Instructions to follow:
Every line below needs to be printed again exactly, without any of its pictures.

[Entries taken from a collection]
***

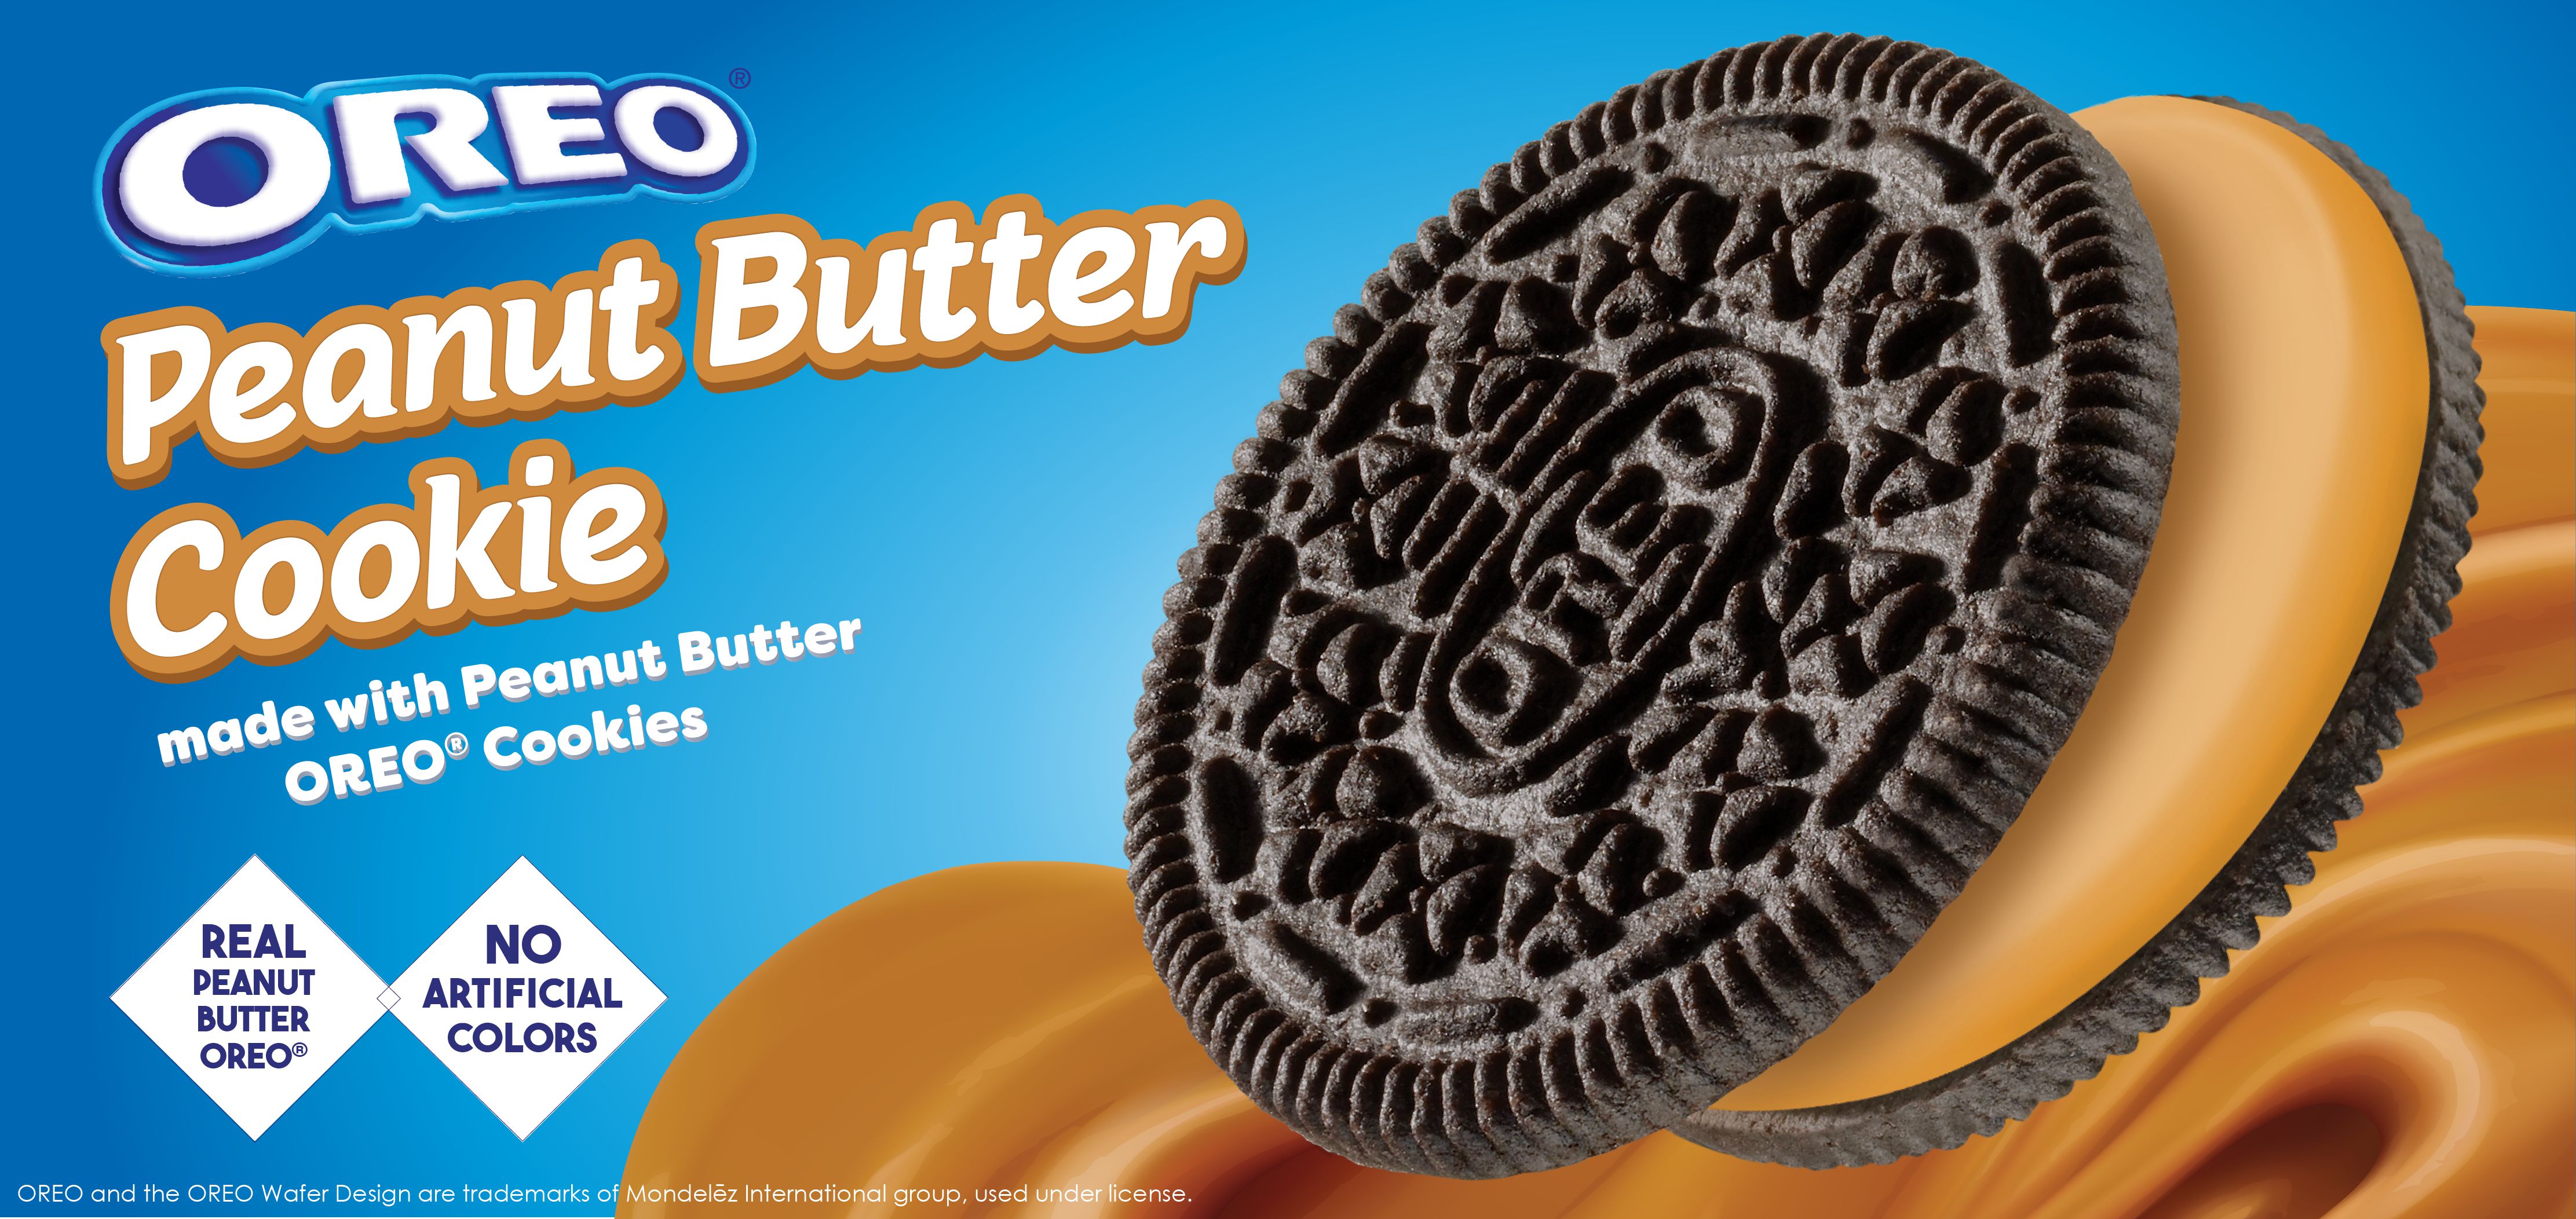 oreo® peanut butter cookie made with peanut butter oreo® cookies label image
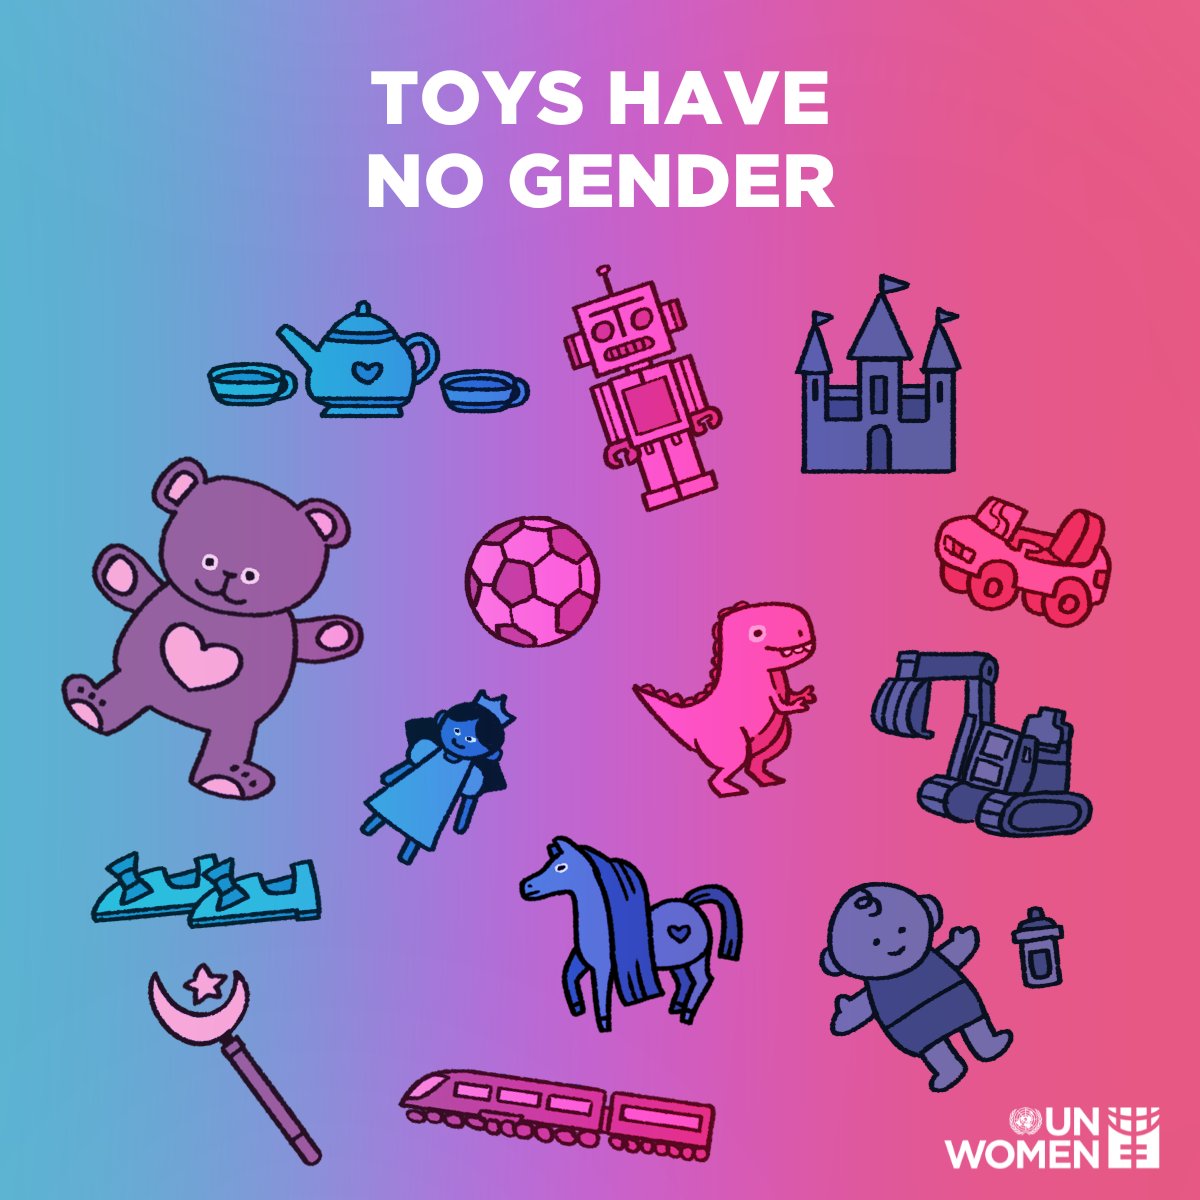 Let us teach our kids  about a world where princesses can build rockets and superheroes can bake cookies.

Let's raise a generation that values inclusivity, empathy, and equal opportunities.

Are you with us?
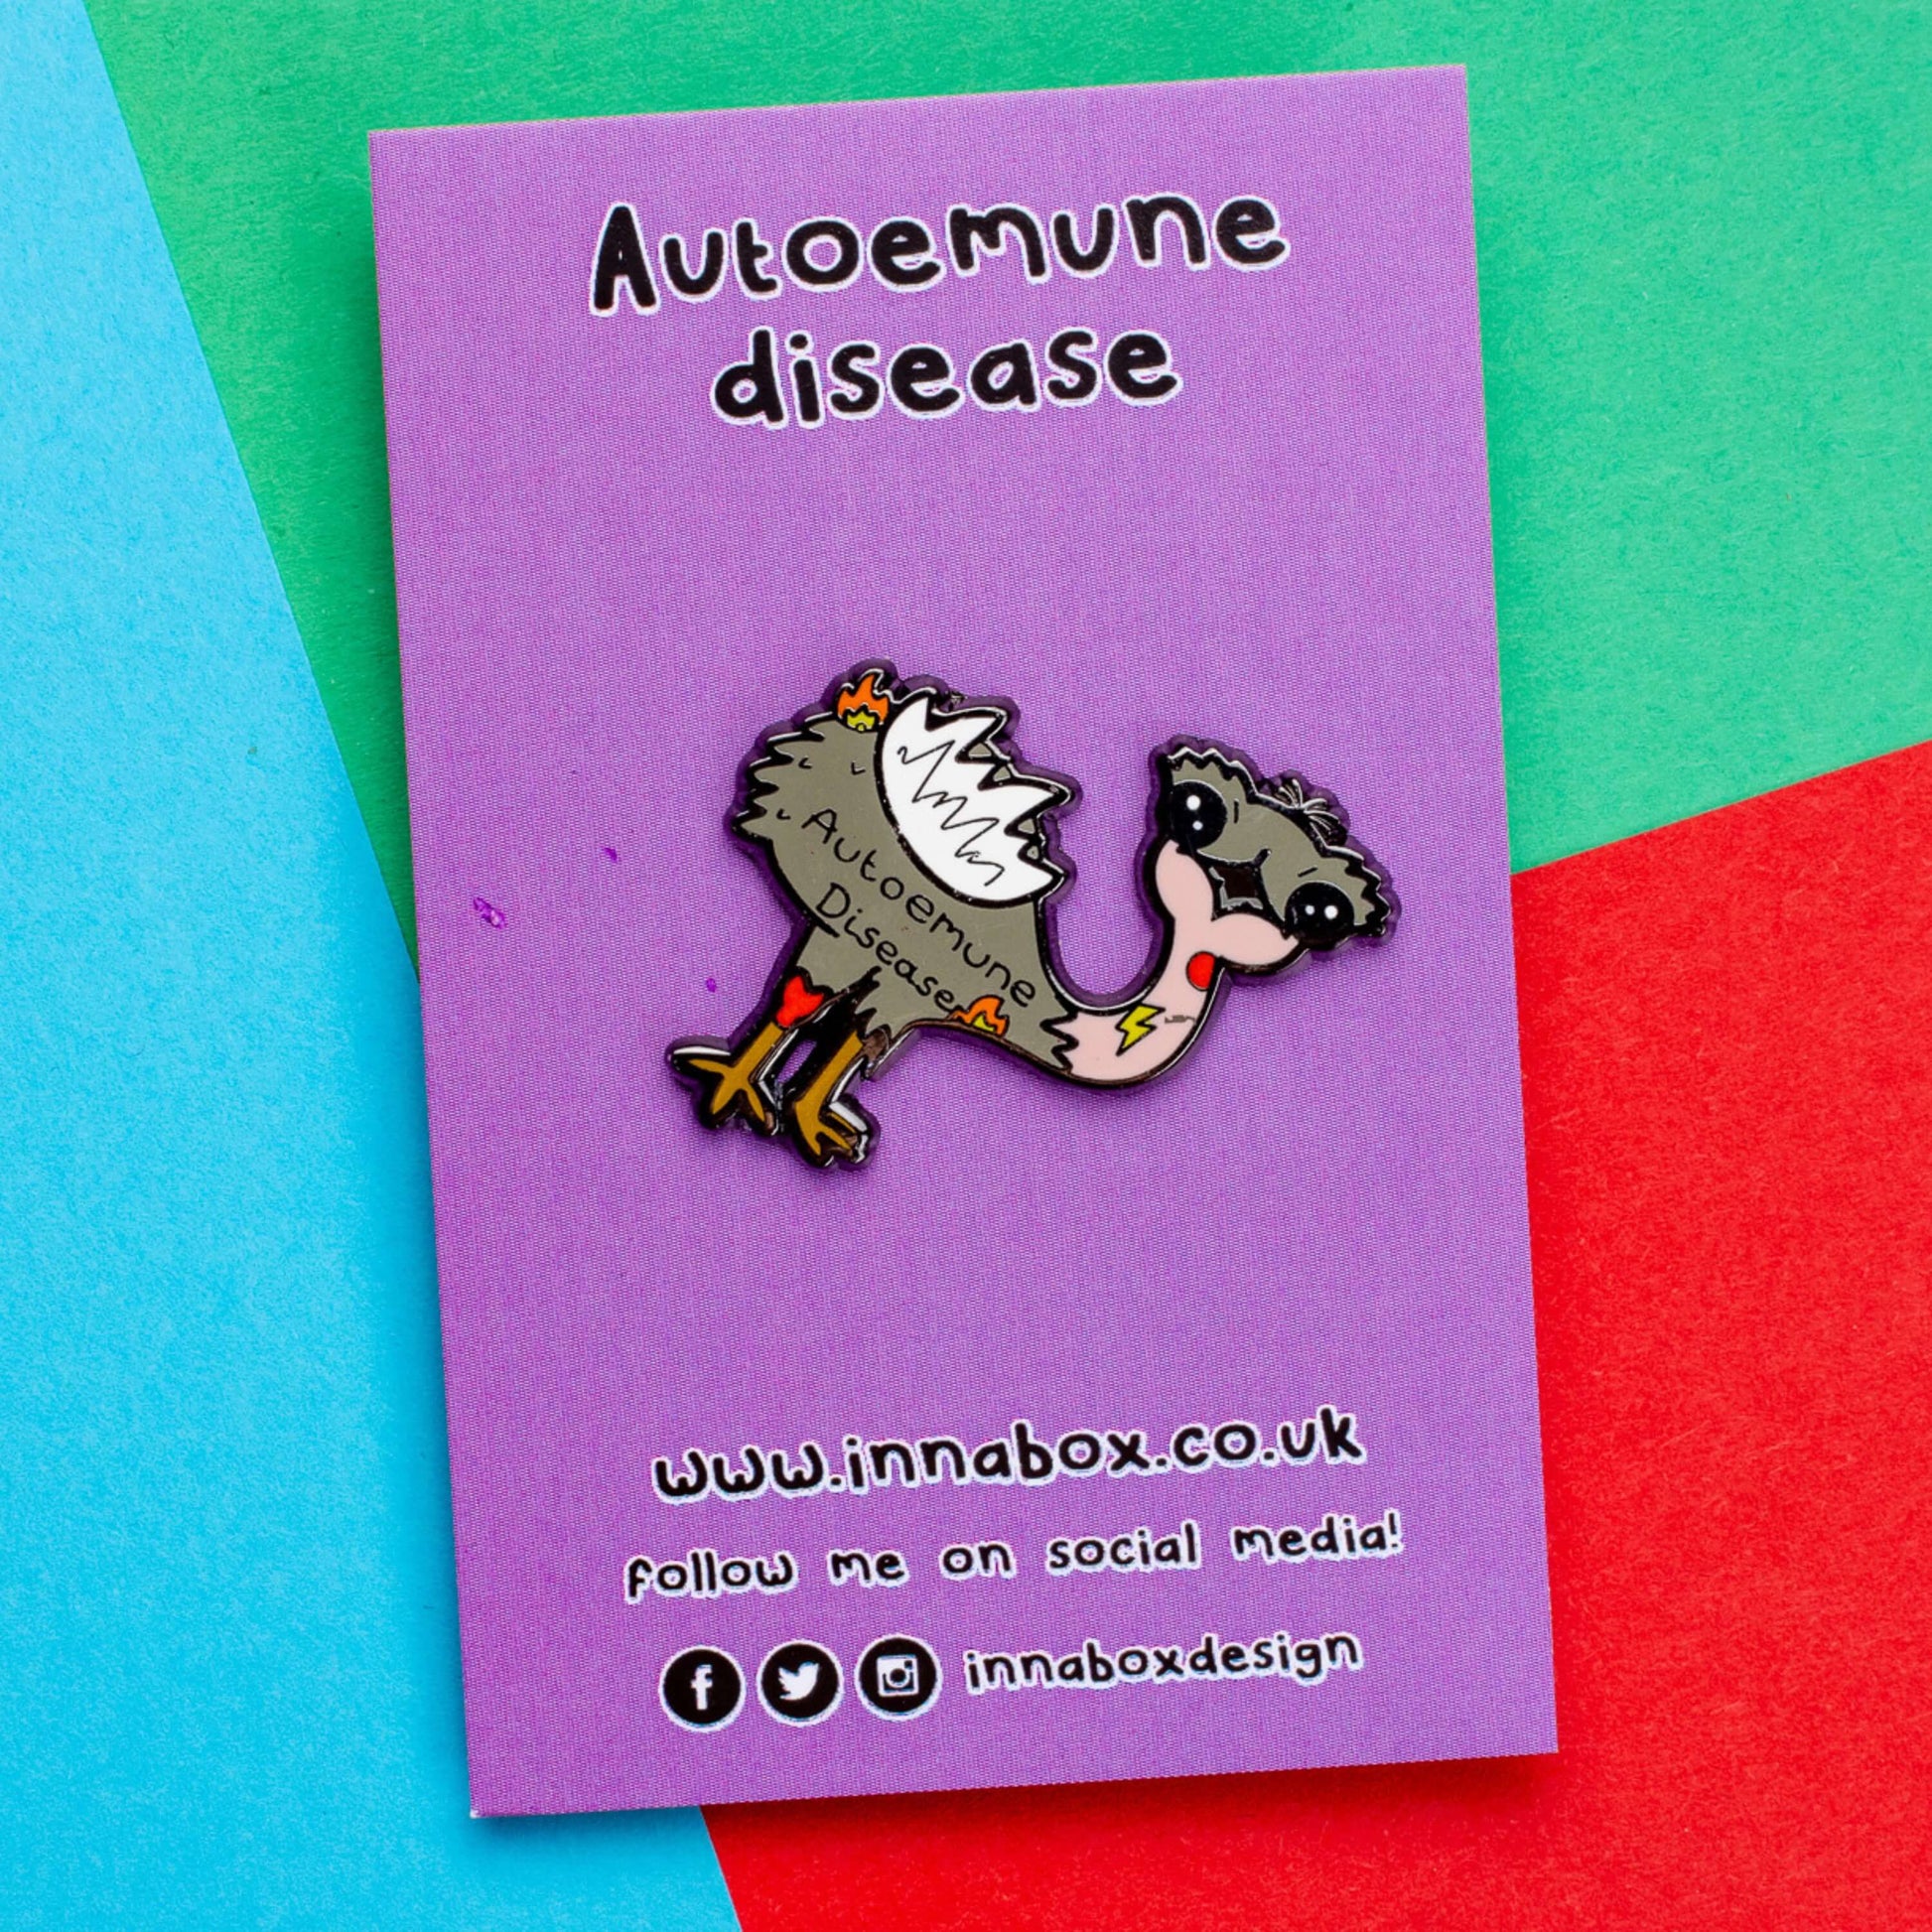 Autoemune Enamel Pin - Autoimmune Disease on a purple backing card laid on a red, blue and green background. The pin is a grey and white emu bird with various problems highlighted with lightning bolts, flames and red circles with the words autoemune disease written across its belly. Design created to raise awareness for autoimmune diseases.

***

Exercise answer:
 oreo® peanut butter cookie made with peanut butter oreo® cookies label image
 Let us teach our kids  about a world where princesses can build rockets and superheroes can bake cookies.

Let's raise a generation that values inclusivity, empathy, and equal opportunities.

Are you with us?
 Autoemune Enamel Pin - Autoimmune Disease on a purple backing card laid on a red, blue and green background. The pin is a grey and white emu bird with various problems highlighted with lightning bolts, flames and red circles with the words autoemune disease written across its belly. Design created to raise awareness for autoimmune diseases.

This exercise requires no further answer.